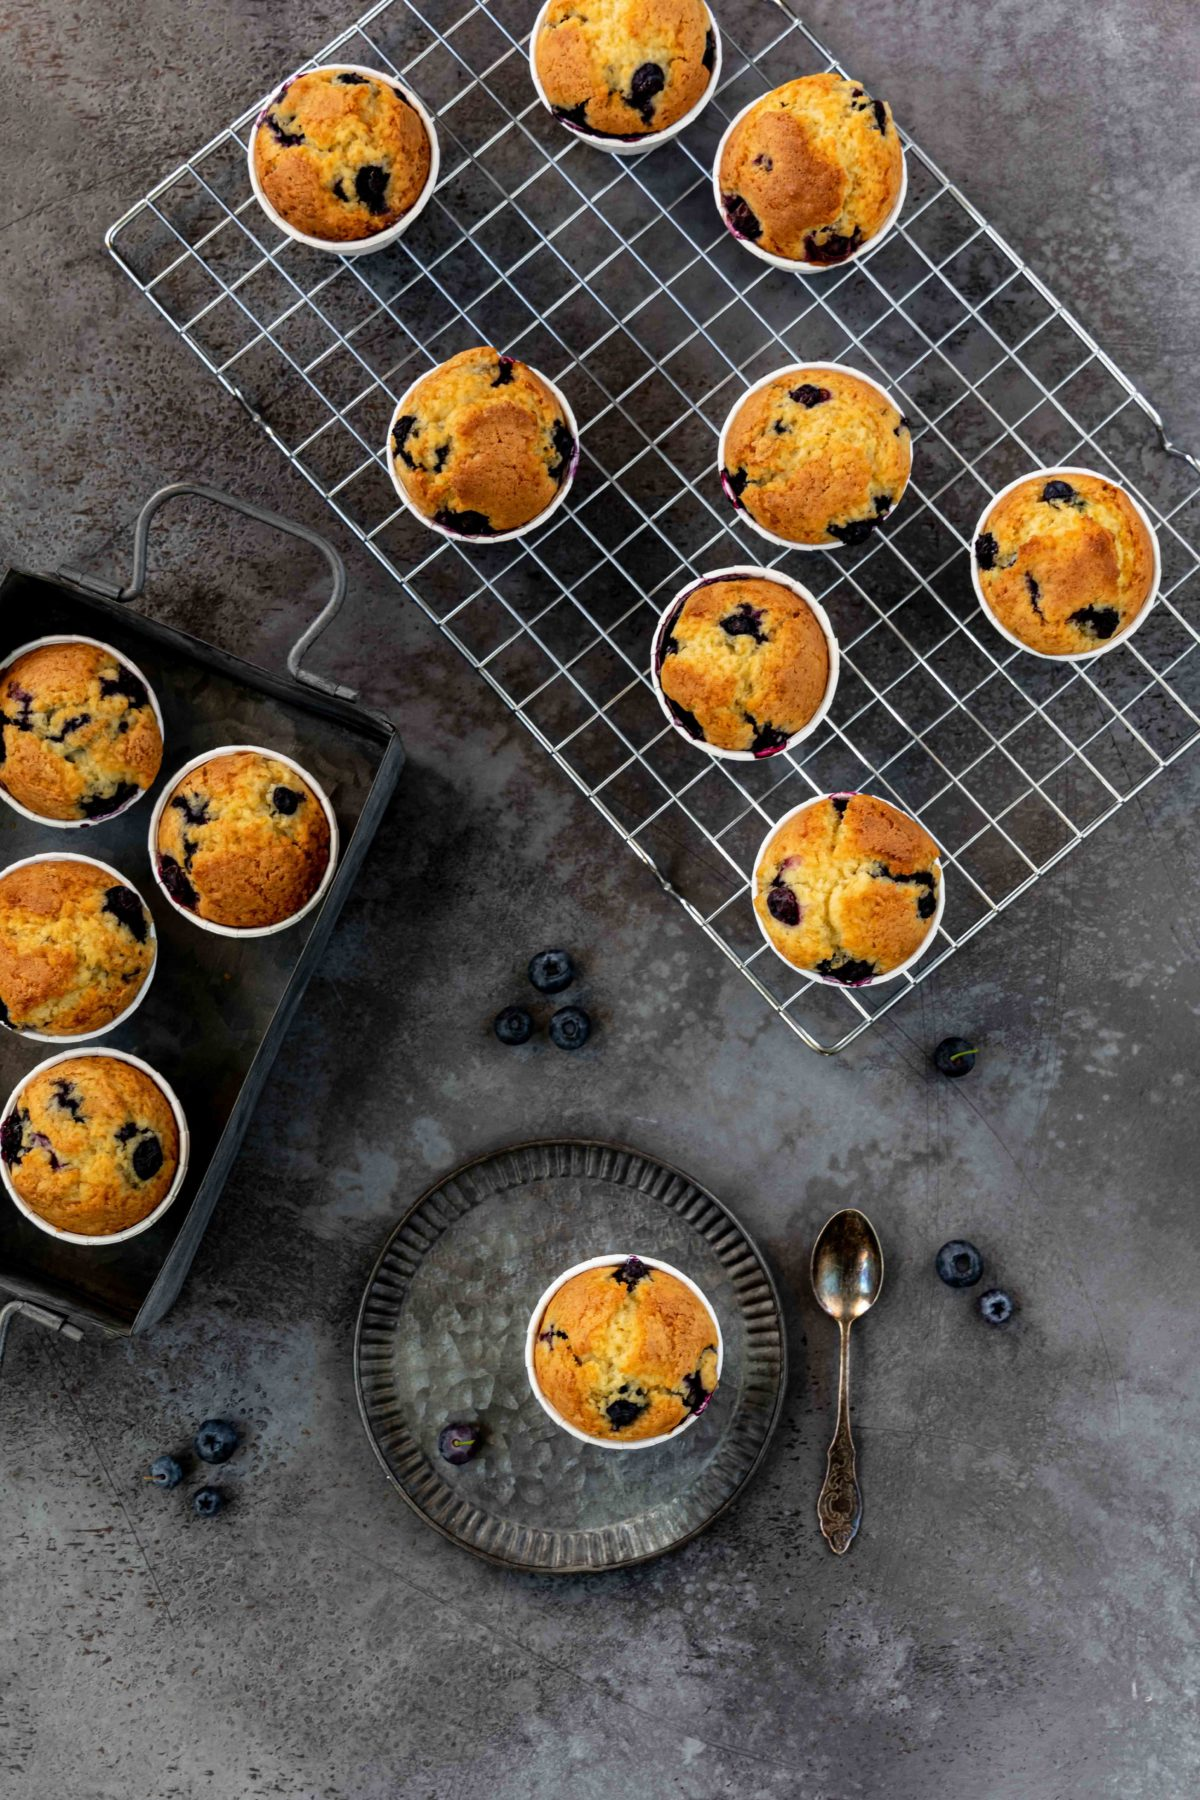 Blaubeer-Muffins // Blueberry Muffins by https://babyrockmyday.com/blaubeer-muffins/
...
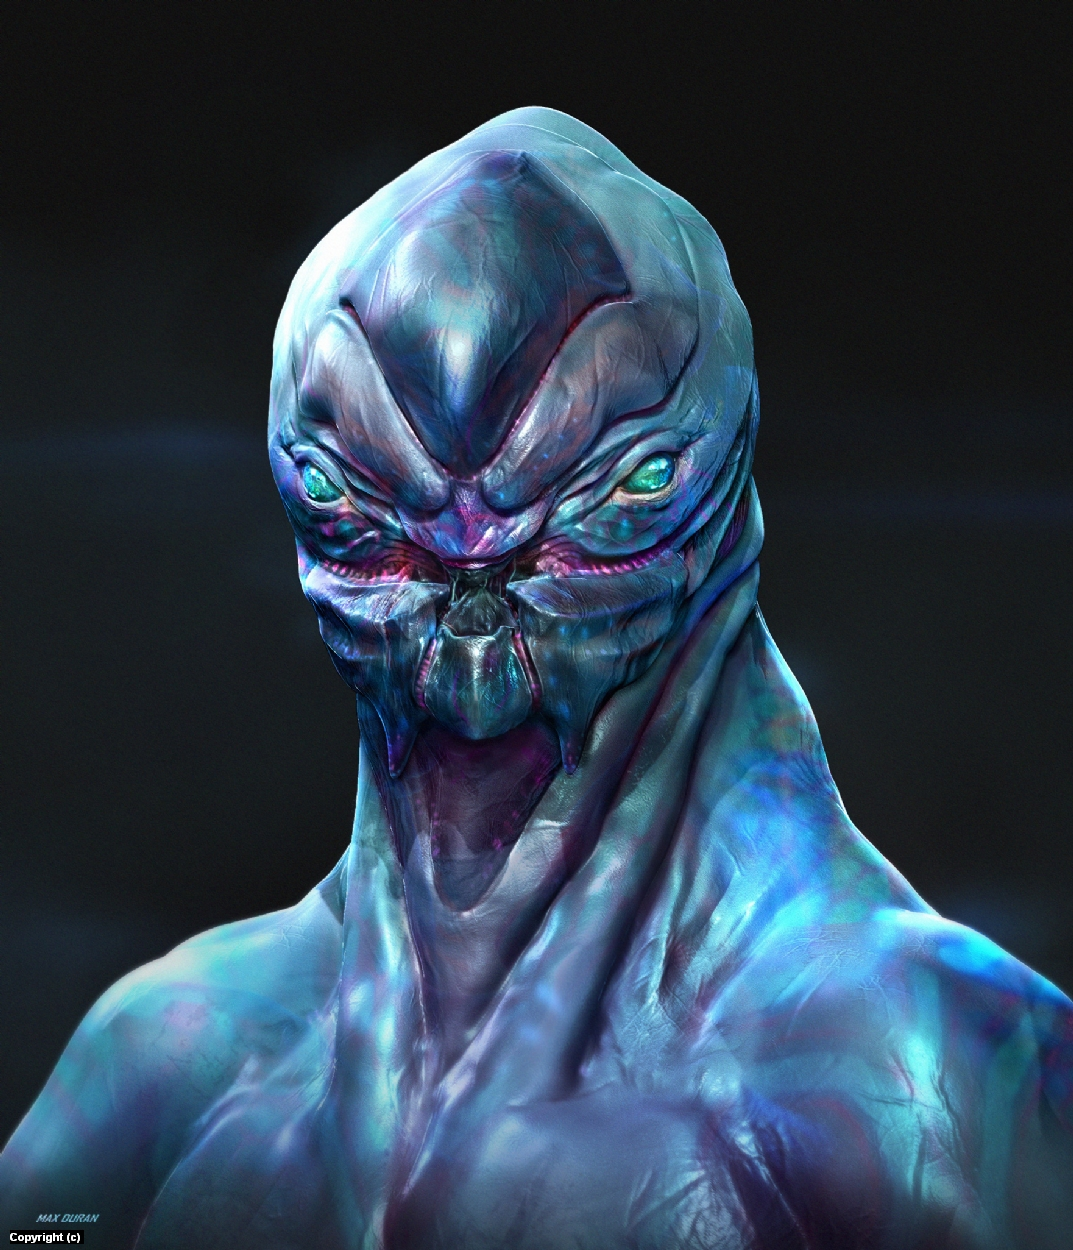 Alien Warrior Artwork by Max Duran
...
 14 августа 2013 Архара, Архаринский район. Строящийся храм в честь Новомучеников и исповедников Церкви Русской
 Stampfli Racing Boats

WHAT YOU WILL DO
From the records above, give again exactly the lines running from the line with "14 августа 2013" to the line with "Stampfli Racing Boats", inclusive.

SOLUTION TO THIS PROBLEM
 14 августа 2013 Архара, Архаринский район. Строящийся храм в честь Новомучеников и исповедников Церкви Русской
 Stampfli Racing Boats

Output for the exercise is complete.